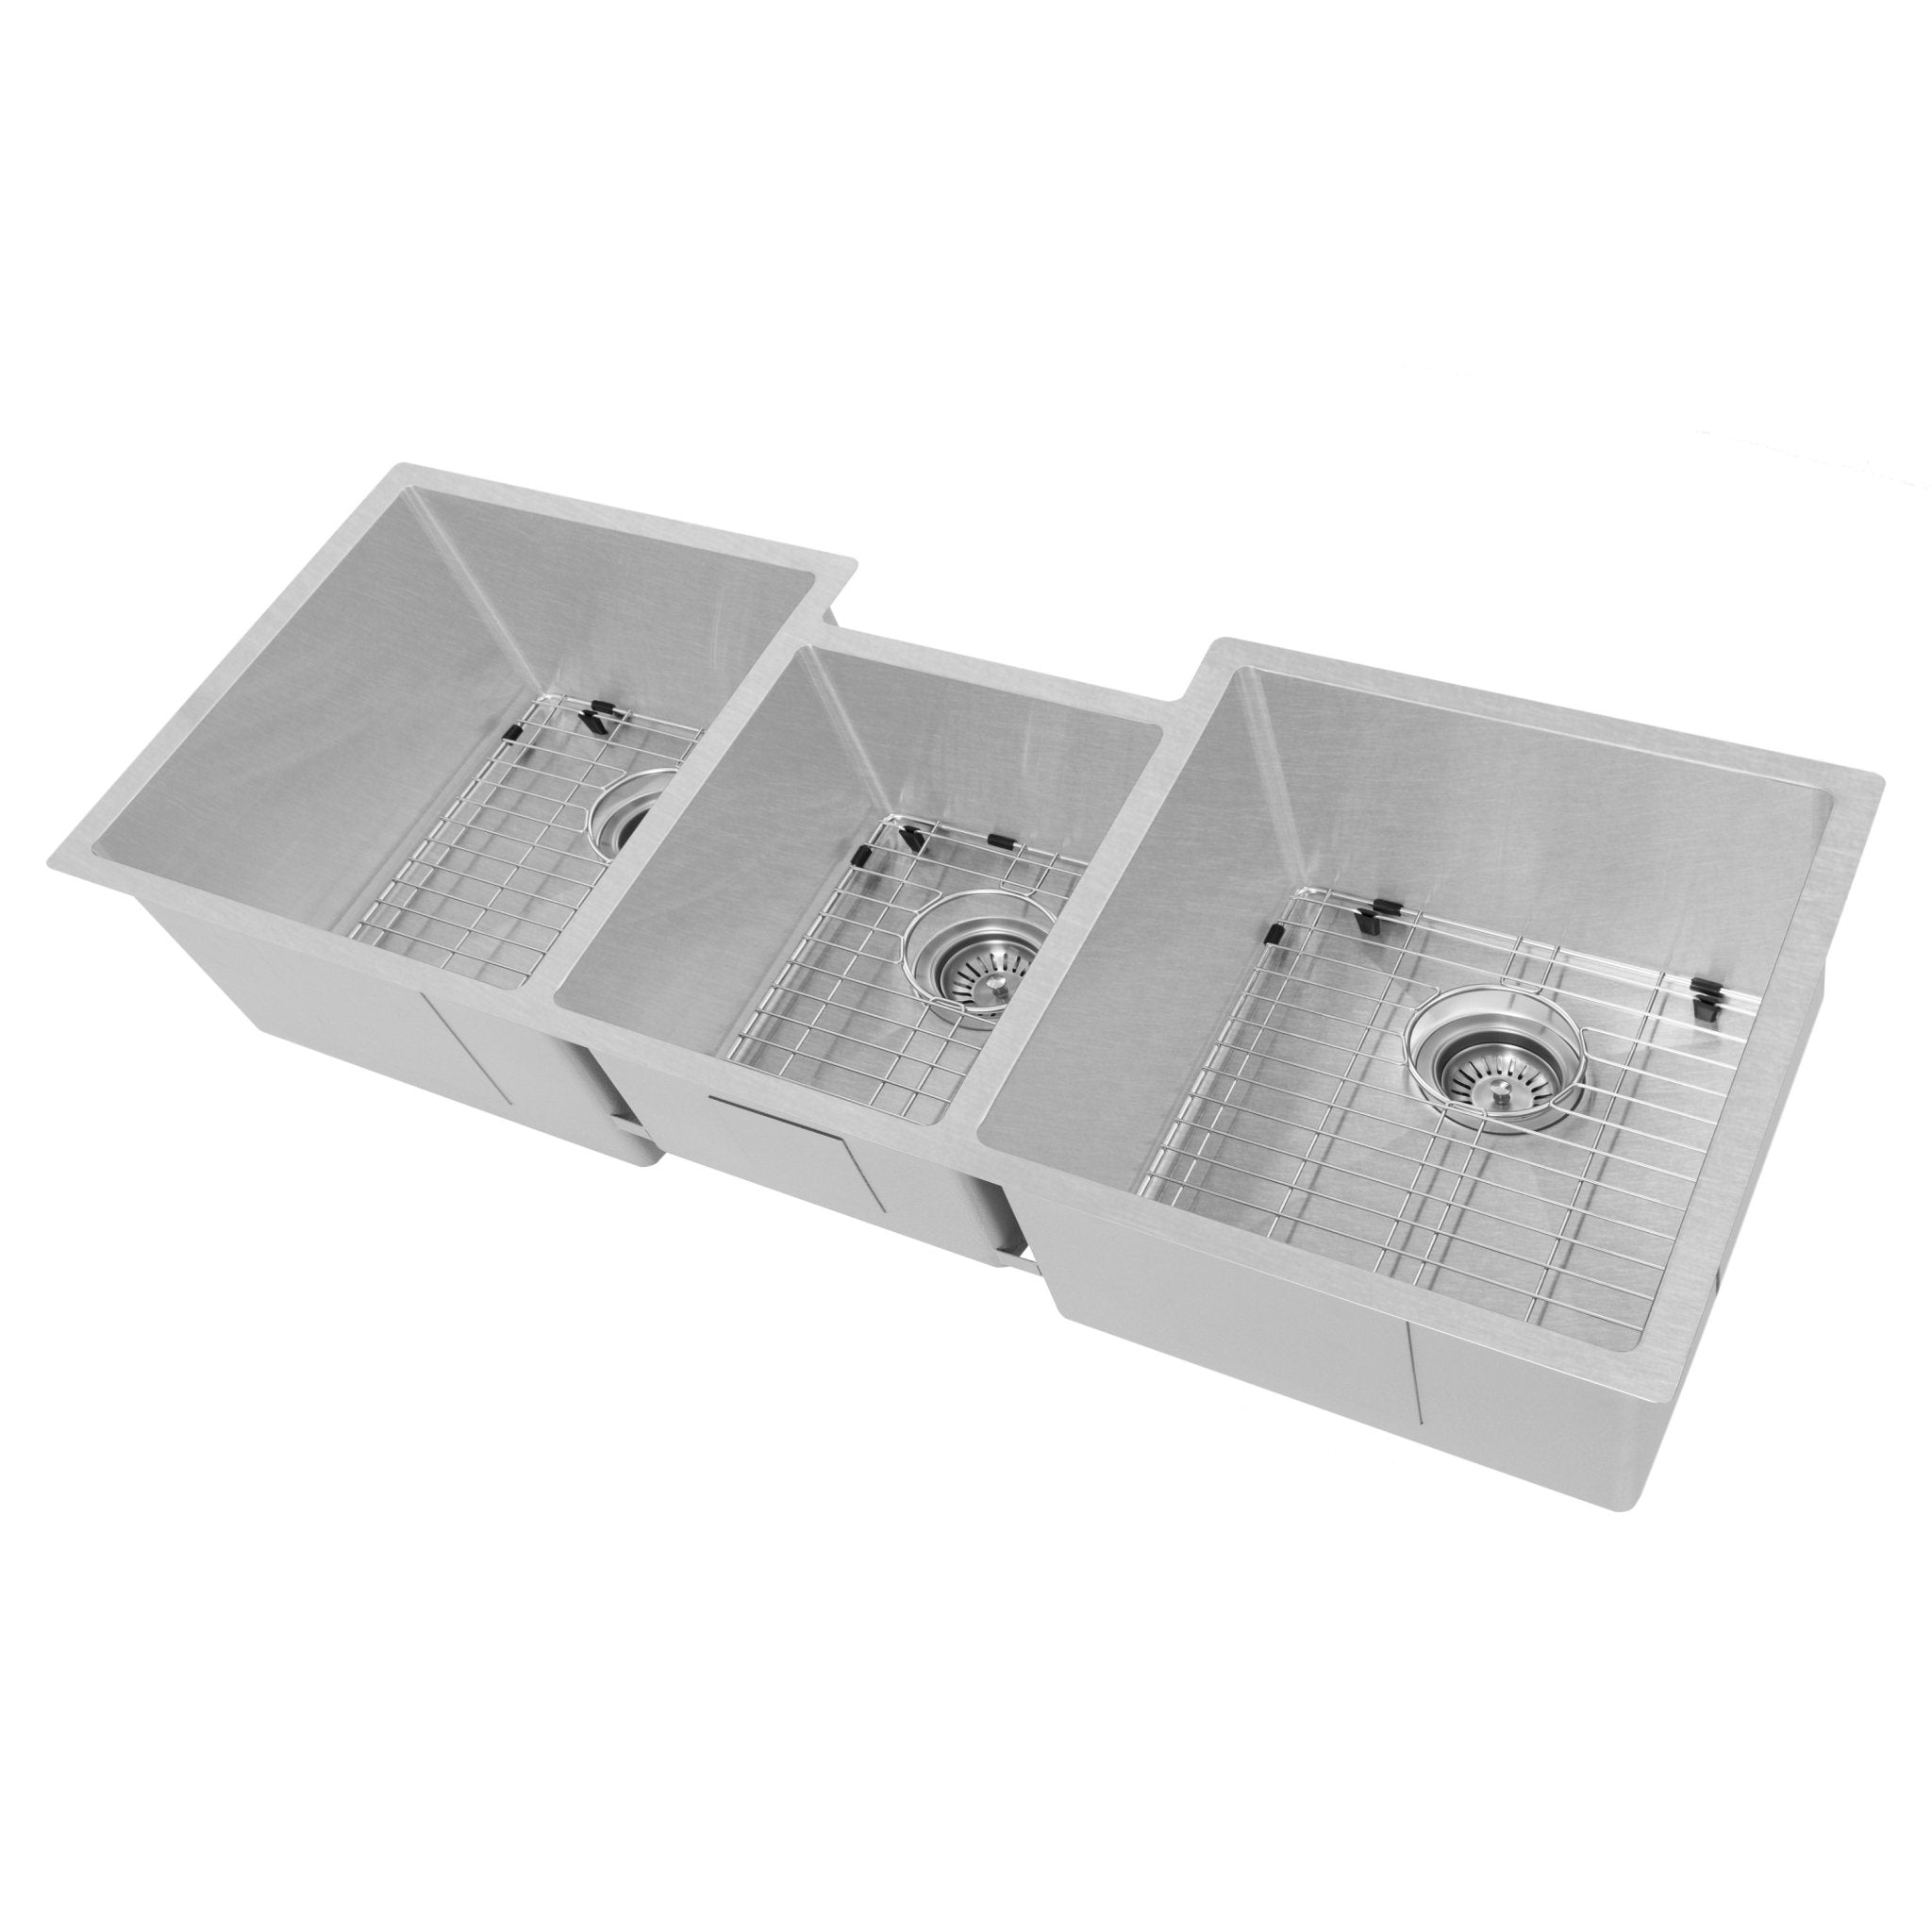 ZLINE 45 in. Breckenridge Undermount Triple Bowl Kitchen Sink (SLT-45) DuraSnow®
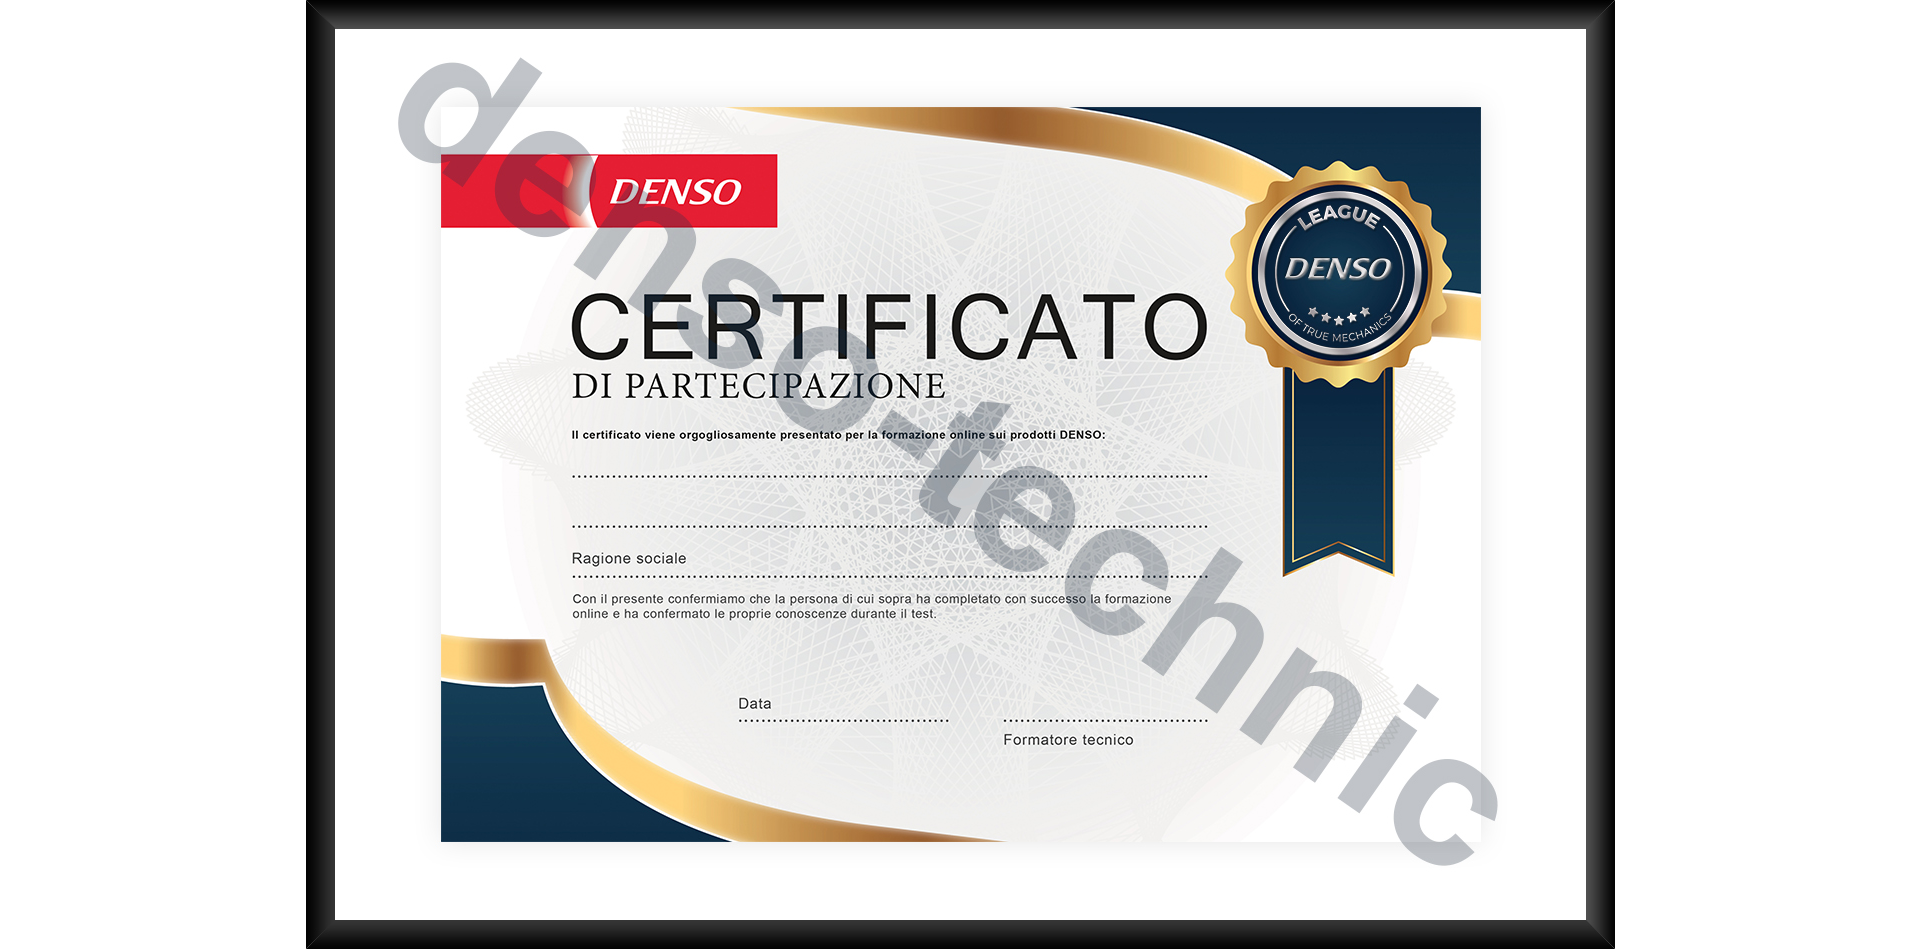 DENSO - Certificato
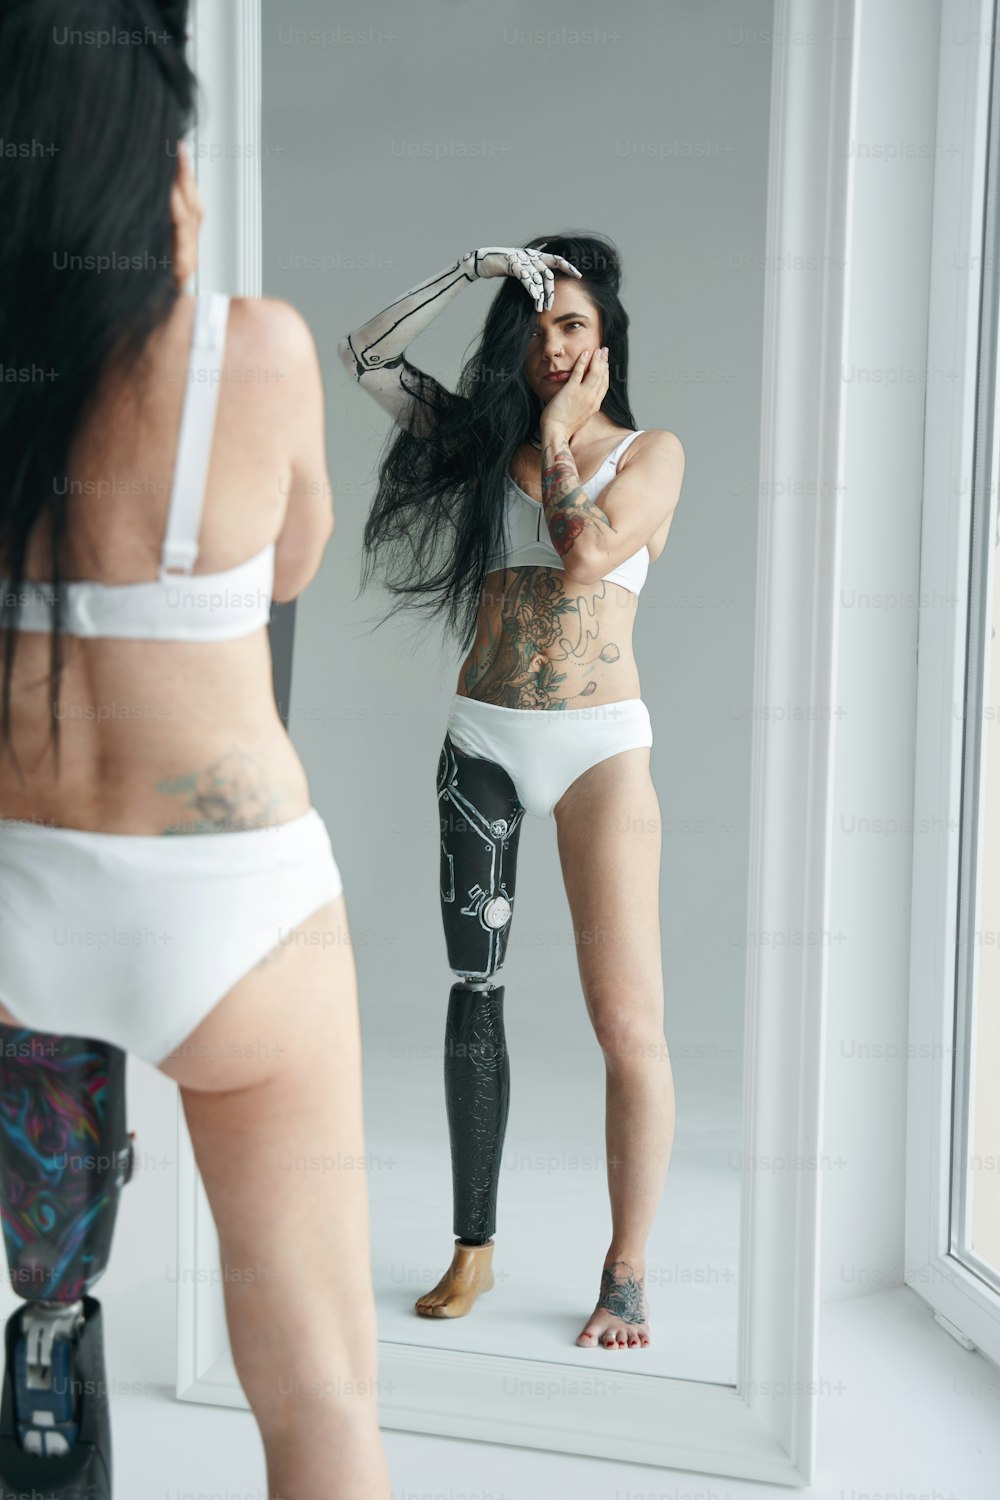 Donna bruna con aspetto insolito e futuristica body art droide. Ragazza in piedi davanti allo specchio e guardando il suo riflesso. Fotografia in studio
* * * *
### EXERCISE DIRECTIONS
All the lines above should be reproduced exactly, and none of the pictures.

### ANSWER TO THIS TASK
 ZLINE 45 in. Breckenridge Undermount Triple Bowl Kitchen Sink (SLT-45) DuraSnow®
 DENSO - Certificato
 Donna bruna con aspetto insolito e futuristica body art droide. Ragazza in piedi davanti allo specchio e guardando il suo riflesso. Fotografia in studio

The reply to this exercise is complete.